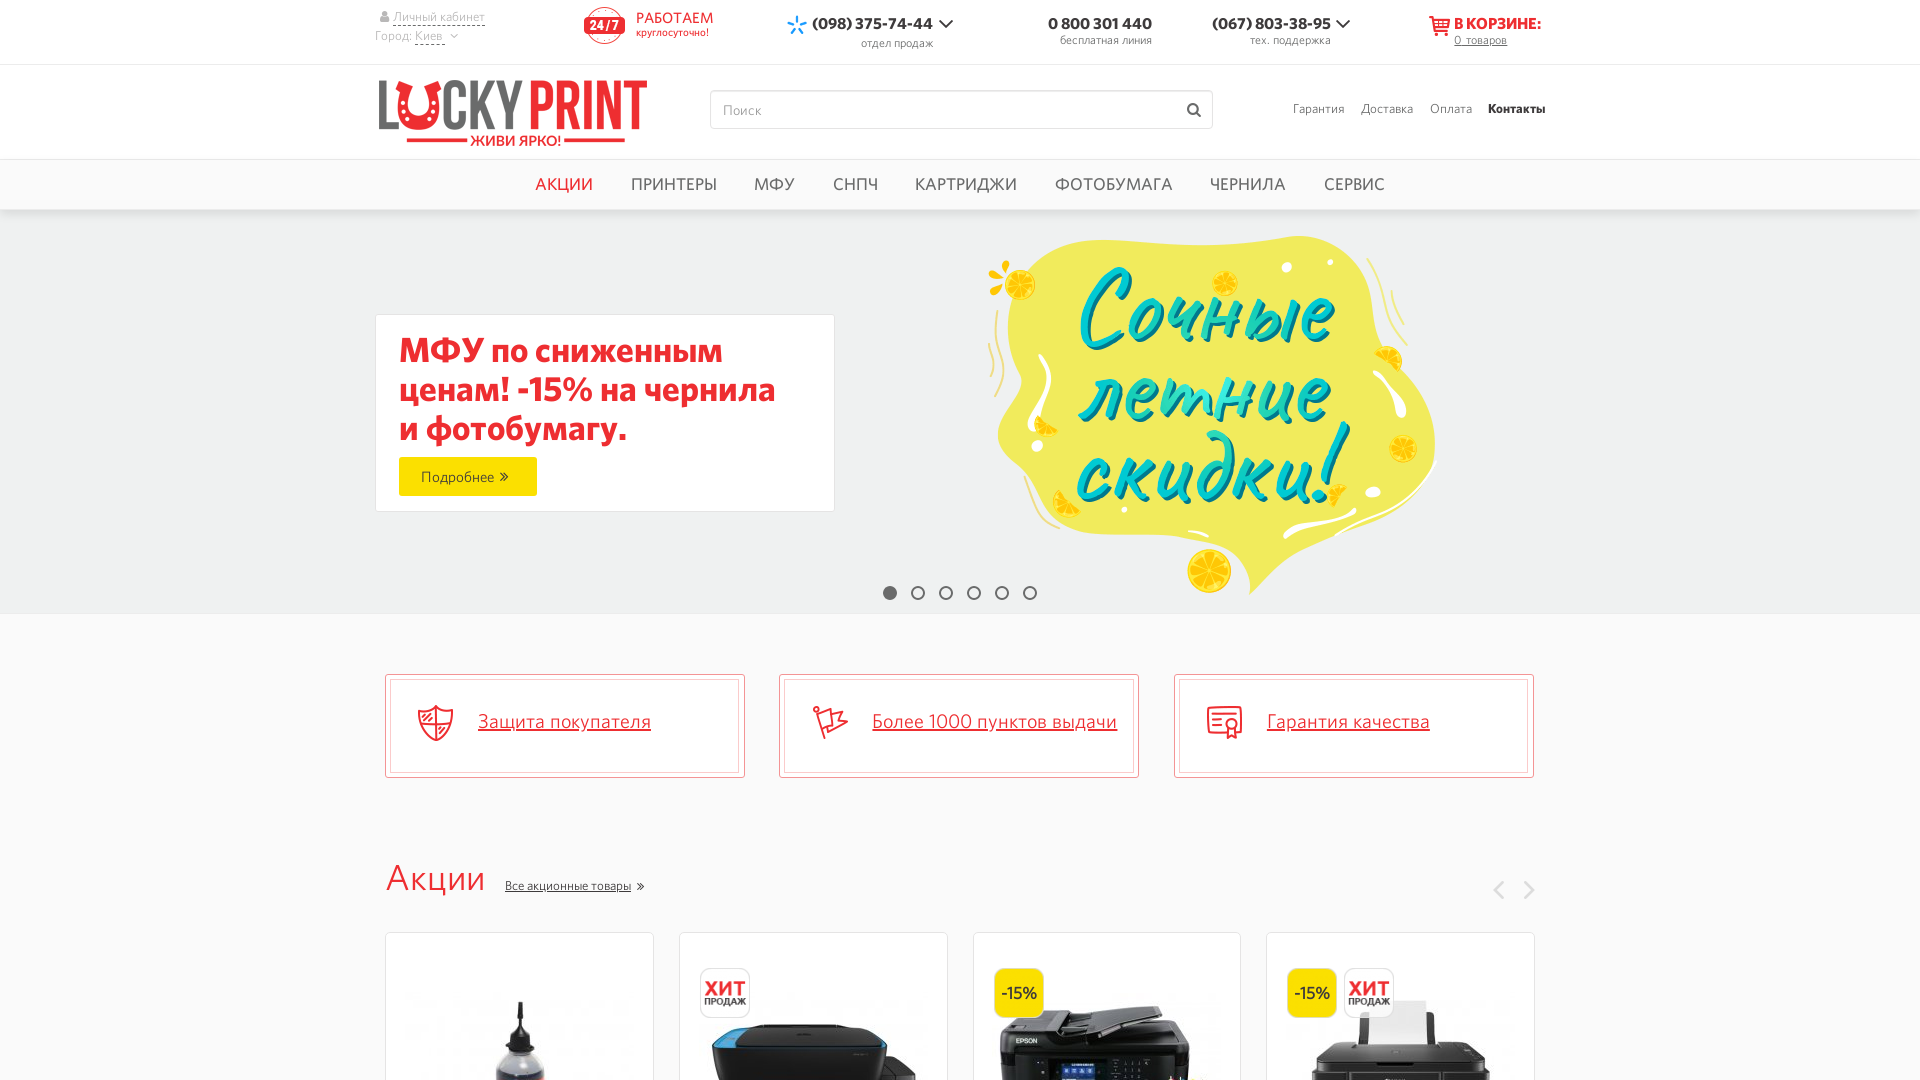 Lucky Print UA website
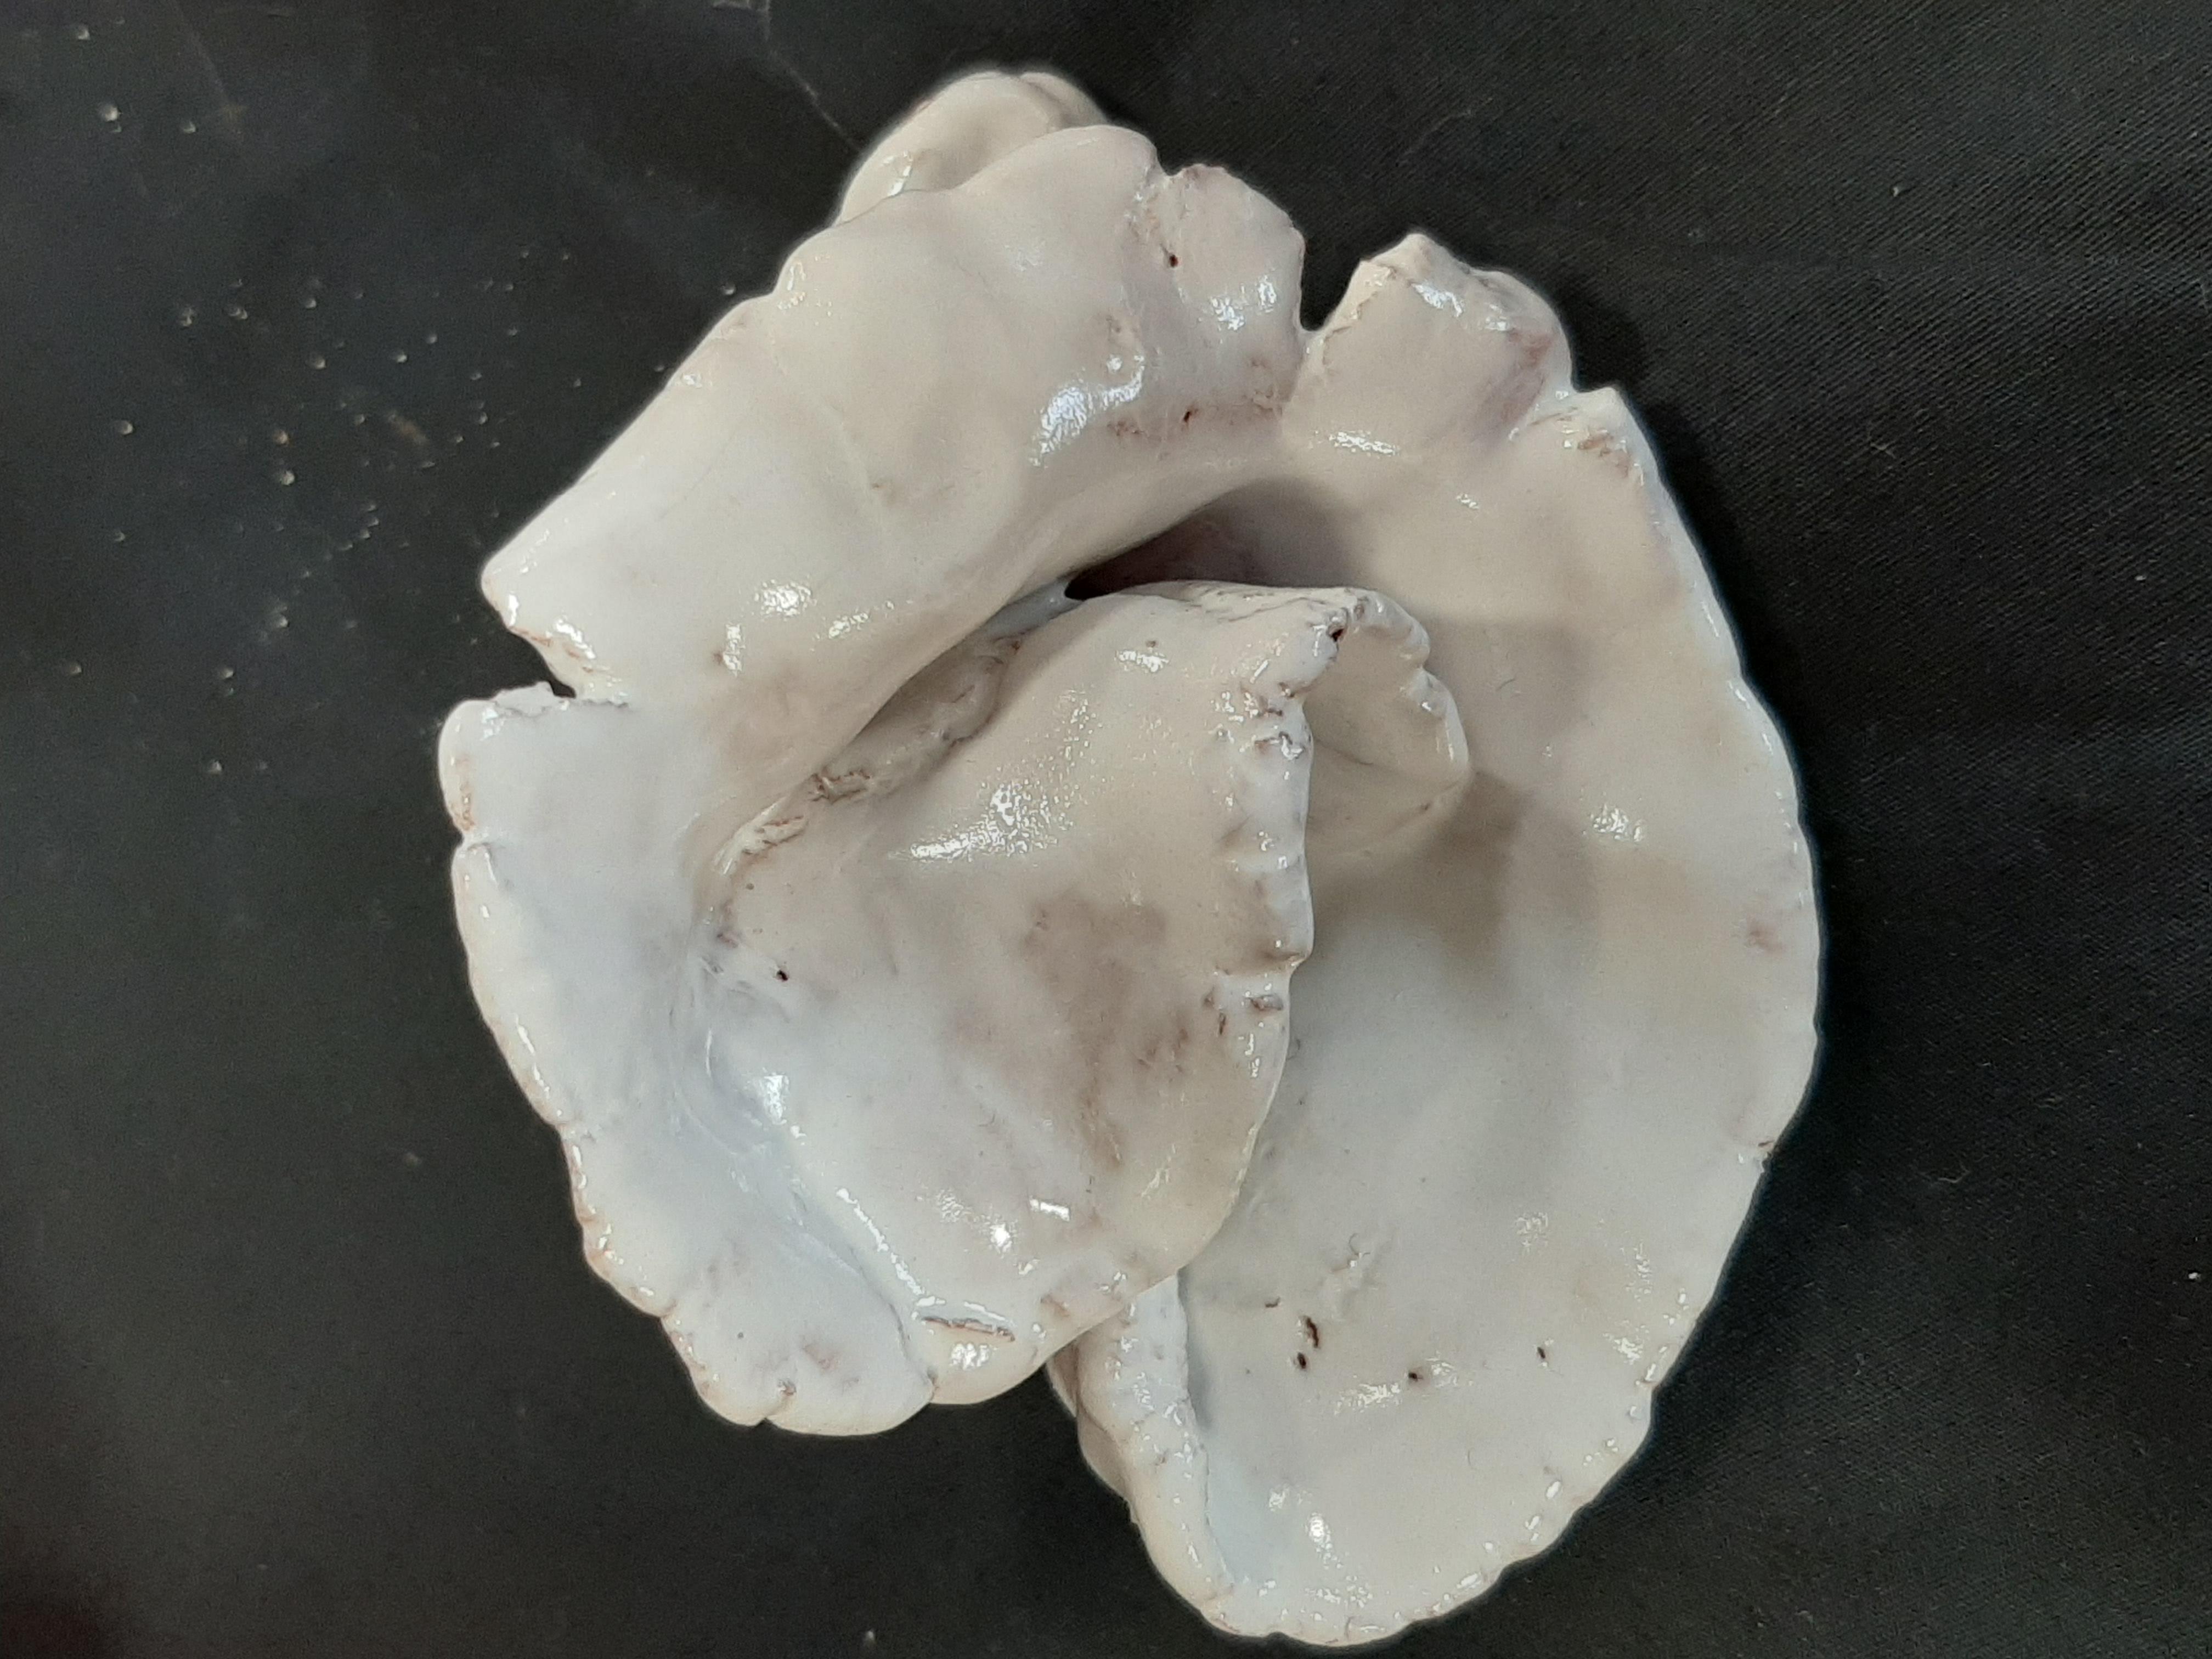 Clay organics
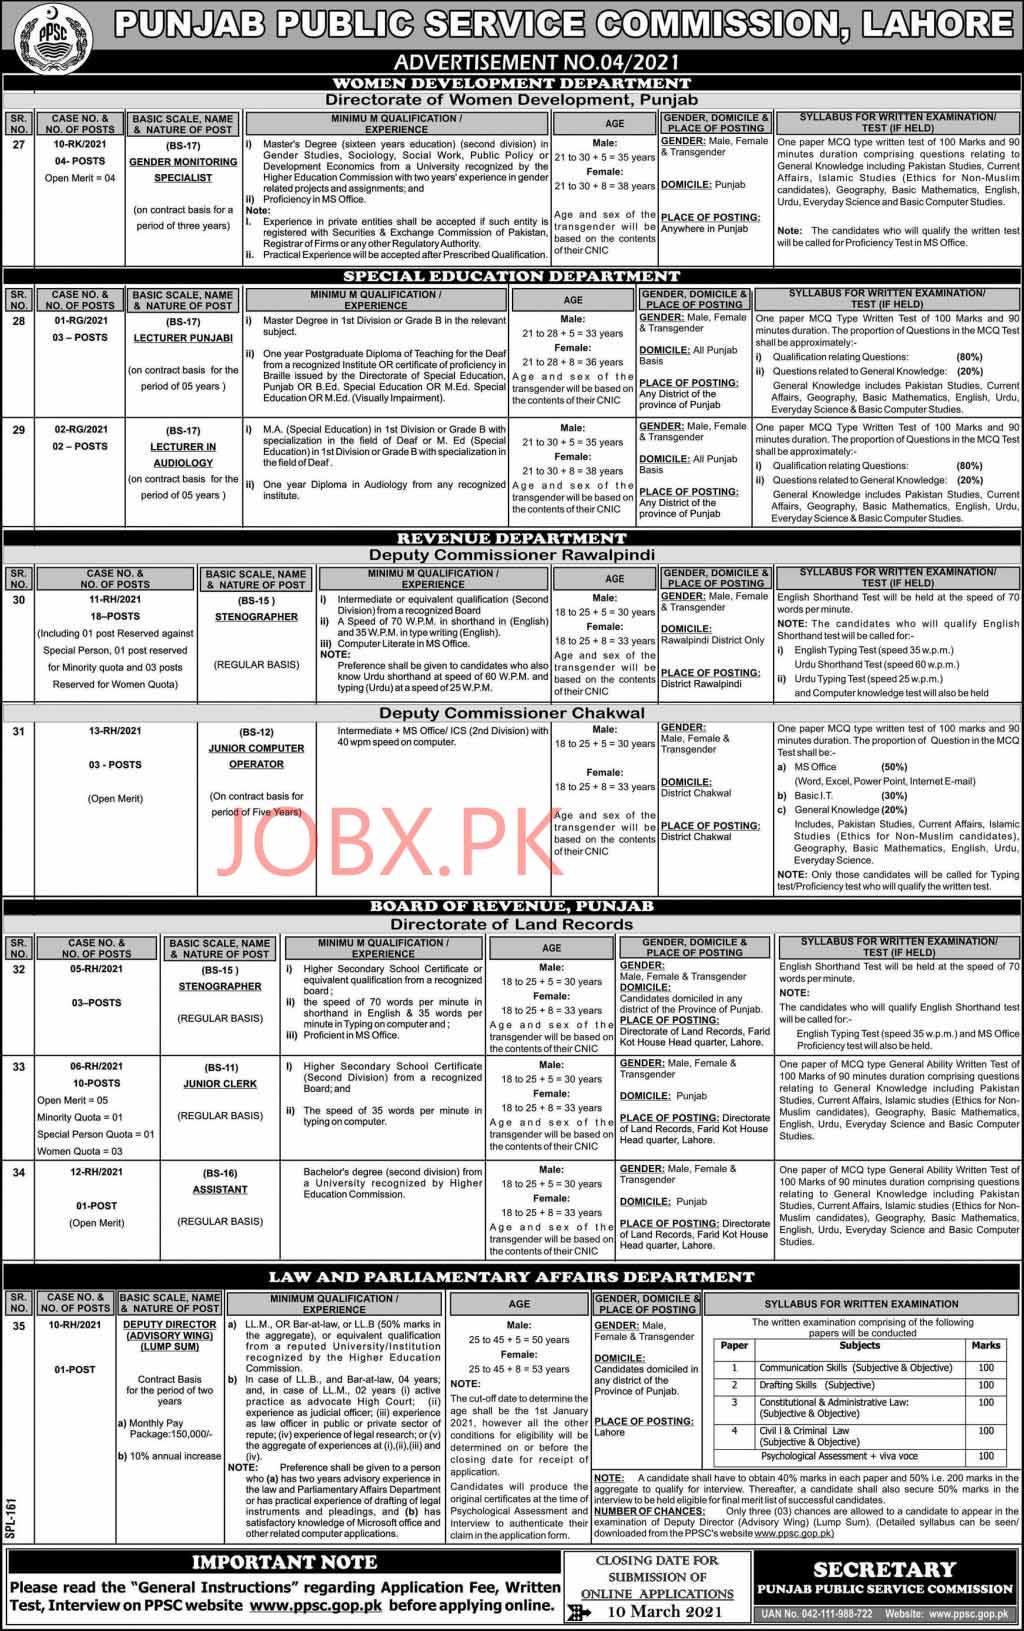 PPSC Feb 2021 Jobs Advertisment No.4
━━━━
» **Required action**: Return the full listing above verbatim, please, but without its images.

» **Result for this task**:
 Lucky Print UA website
 Clay organics
 PPSC Feb 2021 Jobs Advertisment No.4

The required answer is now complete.